The correlation between the adrenergic receptor gene polymorphism and the phenotype can be examined, for example, as in the following (1) to (4).
(1) As a result of linkage disequilibrium analysis and haplotype analysis in healthy subjects, gene polymorphisms within the estimated linkage disequilibrium block are selected. For example, Tag SNP, which is a representative gene polymorphism, is selected as an adrenergic receptor gene polymorphism for correlation analysis with a phenotype.
(2) Next, the gene polymorphism frequency of the gene polymorphism in the subject (patient) is analyzed. When investigating the correlation between genetic polymorphism and disease vulnerability, comparison is made between the genetic polymorphism frequencies of the subject and the healthy subject. It is effective to use a statistical method such as chi ² square test in comparison.
Here, the subjects may be further classified according to phenotype differences, and the gene polymorphism frequencies and genotypes of healthy subjects and subjects may be compared for each classification. When the phenotype related to the onset of the disease is a stimulant psychosis-like symptom, for example, the period from the start of the use of a stimulant to the onset of delusions or hallucinations, the duration of delusions or hallucinations after cessation of use, presence or absence of relapse, multidrug abuse Can be classified by the presence or absence of.
(3) If there is a gene polymorphism significantly associated with drug sensitivity in a subject, the gene polymorphism can be used for evaluation of a genetic predisposition for drug sensitivity. In addition, if there is a genetic polymorphism having a significant difference in gene polymorphism frequency between a healthy person and a subject, the genetic polymorphism can be used for evaluation of a genetic predisposition for disease vulnerability.

  However, since it is suggested that the tendency of genetic polymorphism is influenced by race, birthplace, etc., genetic polymorphism similar to the population used to find related genetic polymorphism (eg SNP) It is desirable to perform the above evaluation using the gene polymorphism in a group showing

Specific examples of the correlation between the adrenergic receptor gene polymorphism and the phenotype are shown in (1) to (8) below.
(1) Patients who have undergone surgery with a major allele (G) in the ADRB2 subtype polymorphism (rs11959113) in the correlation with the measurement results of the 24 hour post-operative analgesic drug administration In correlation, the postoperative analgesic dose requirements were statistically significantly higher. Therefore, by analyzing the ADRB2 subtype gene polymorphism (rs11959113), the sensitivity to analgesics can be predicted more easily.
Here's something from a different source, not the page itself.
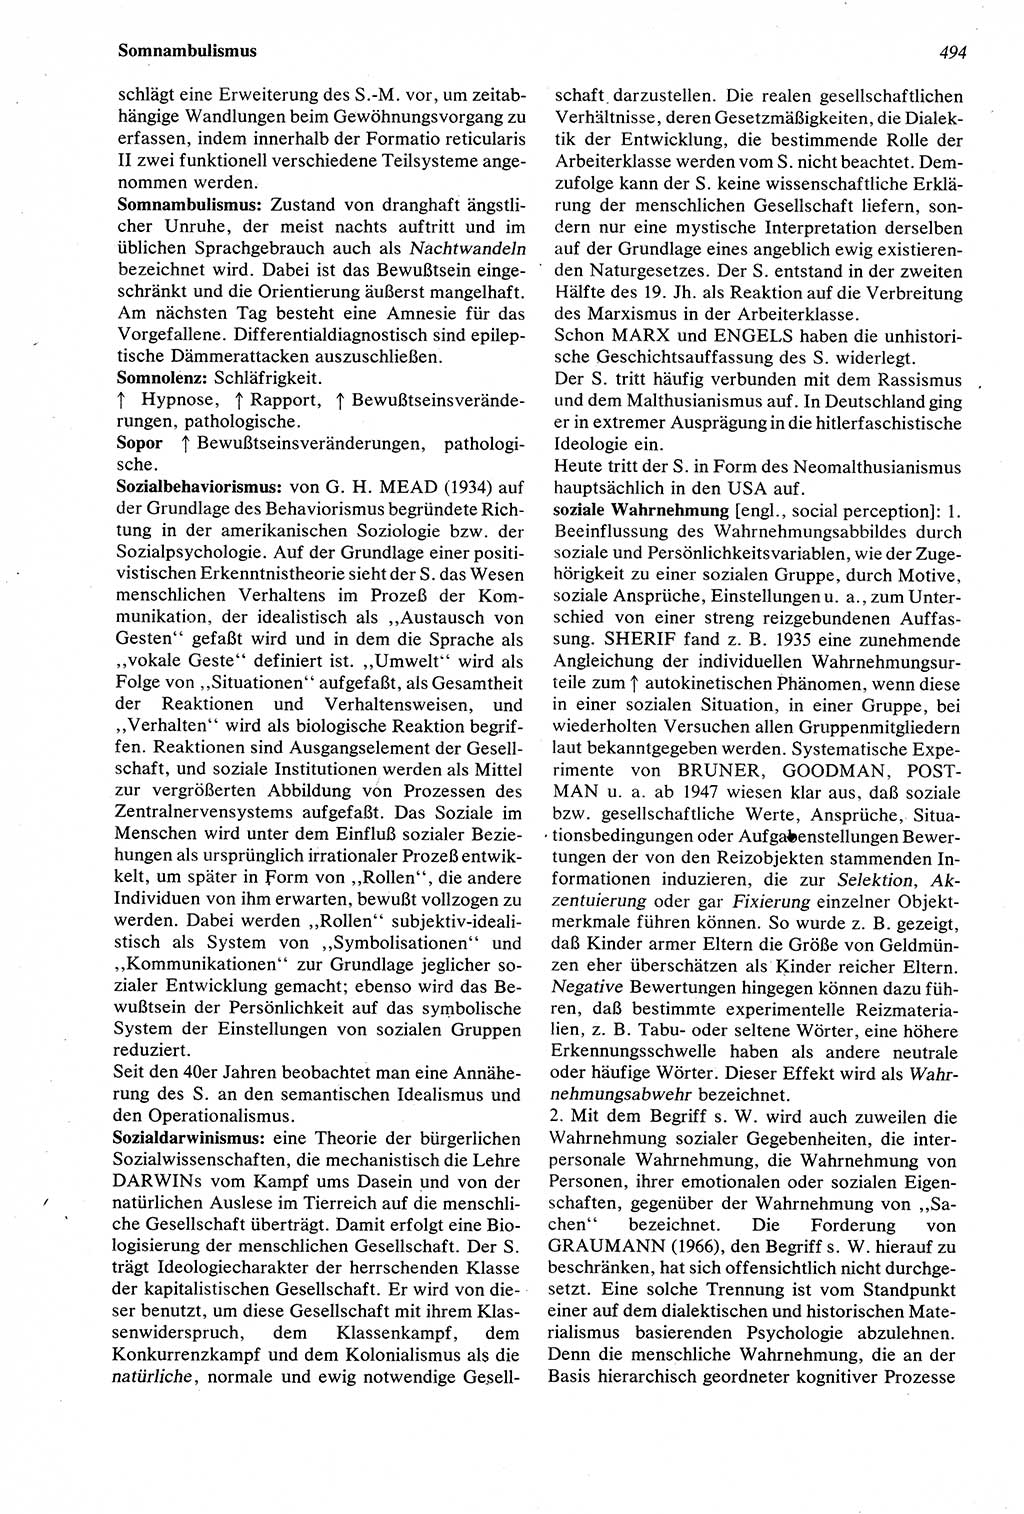 Wörterbuch der Psychologie [Deutsche Demokratische Republik (DDR)] 1976, Seite 494 (Wb. Psych. DDR 1976, S. 494)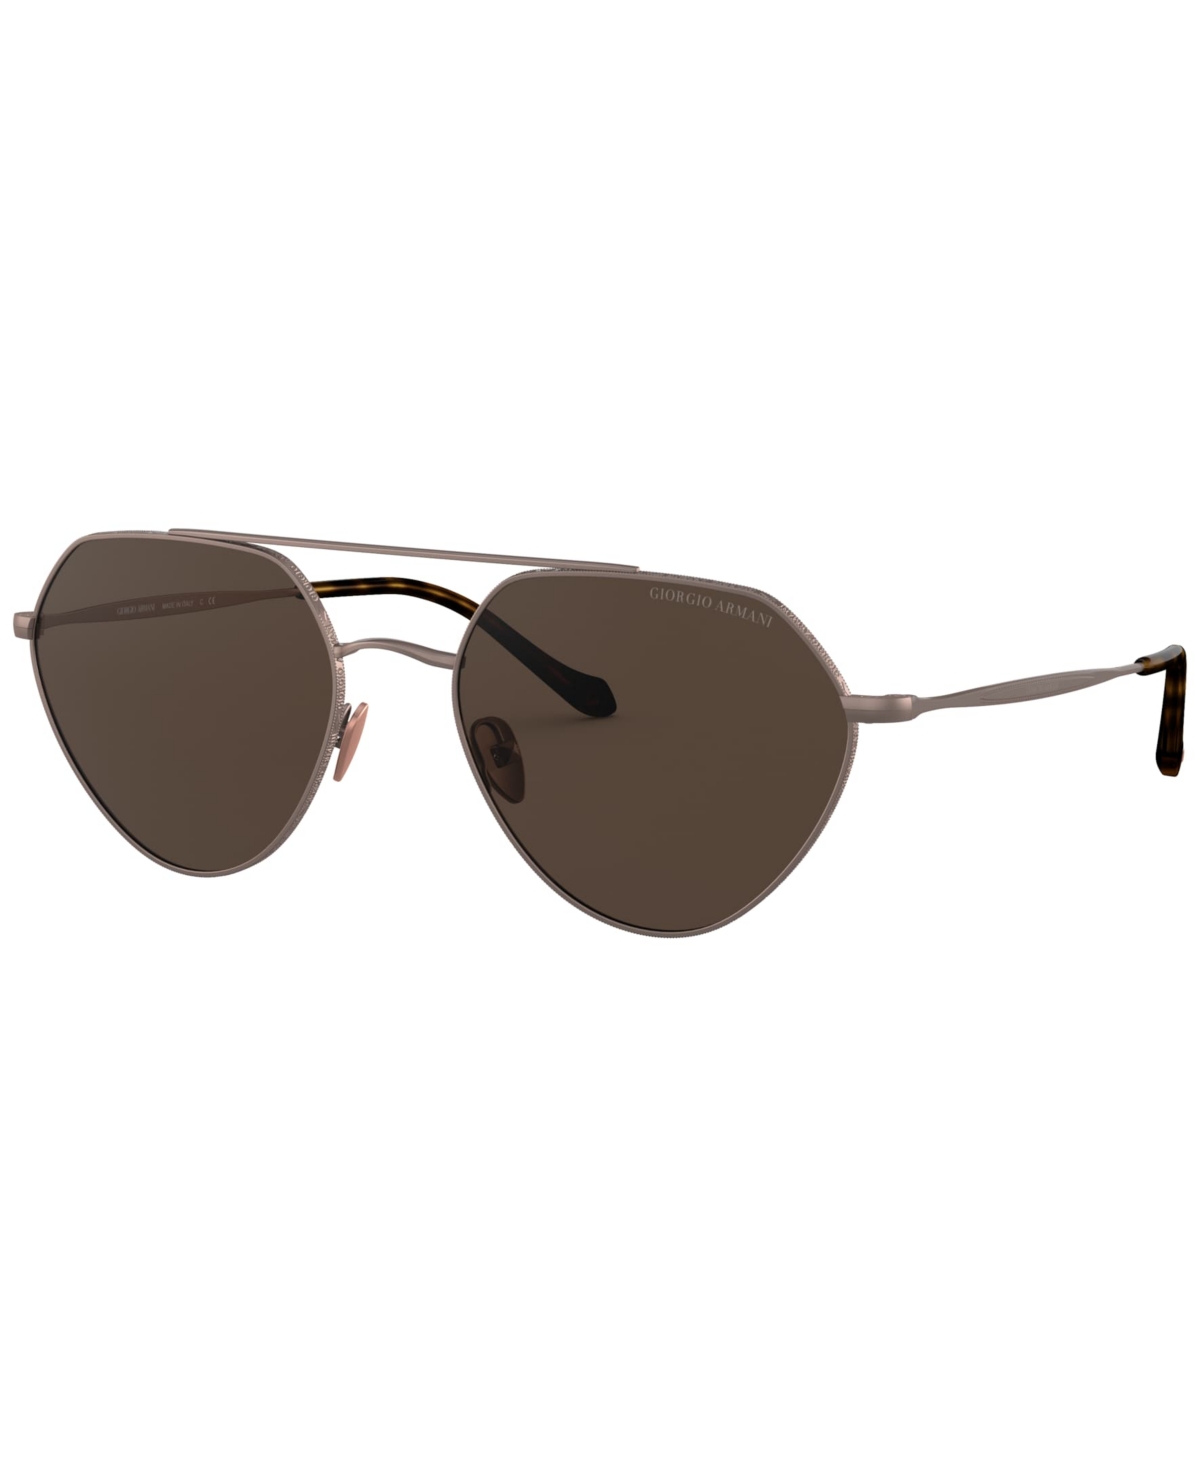 Women's Sunglasses, AR6111 - Matte Bronze

(2) Prevalence of minor allele (G) in the ADRB2 subtype polymorphism (rs2116719) and pain detection latency in the correlation with the measurement results of pain detection latency by immersion in ice water before hand surgery The relationship was shown. Therefore, the sensitivity to pain can be more easily predicted by analyzing the ADRB2 subtype gene polymorphism (rs2116719).

(3) Patients who have undergone surgery without major allele (A) with ADRB1 subtype polymorphism (rs1801252) in the correlation with measurement results of pain perception latency due to pre-operative immersion in ice water Compared with the patient group with allele A, the pain-sensing latency in immersion in hand ice water was statistically significantly longer. Therefore, by analyzing the ADRB1 subtype gene polymorphism (rs1801252), sensitivity to pain can be predicted more easily.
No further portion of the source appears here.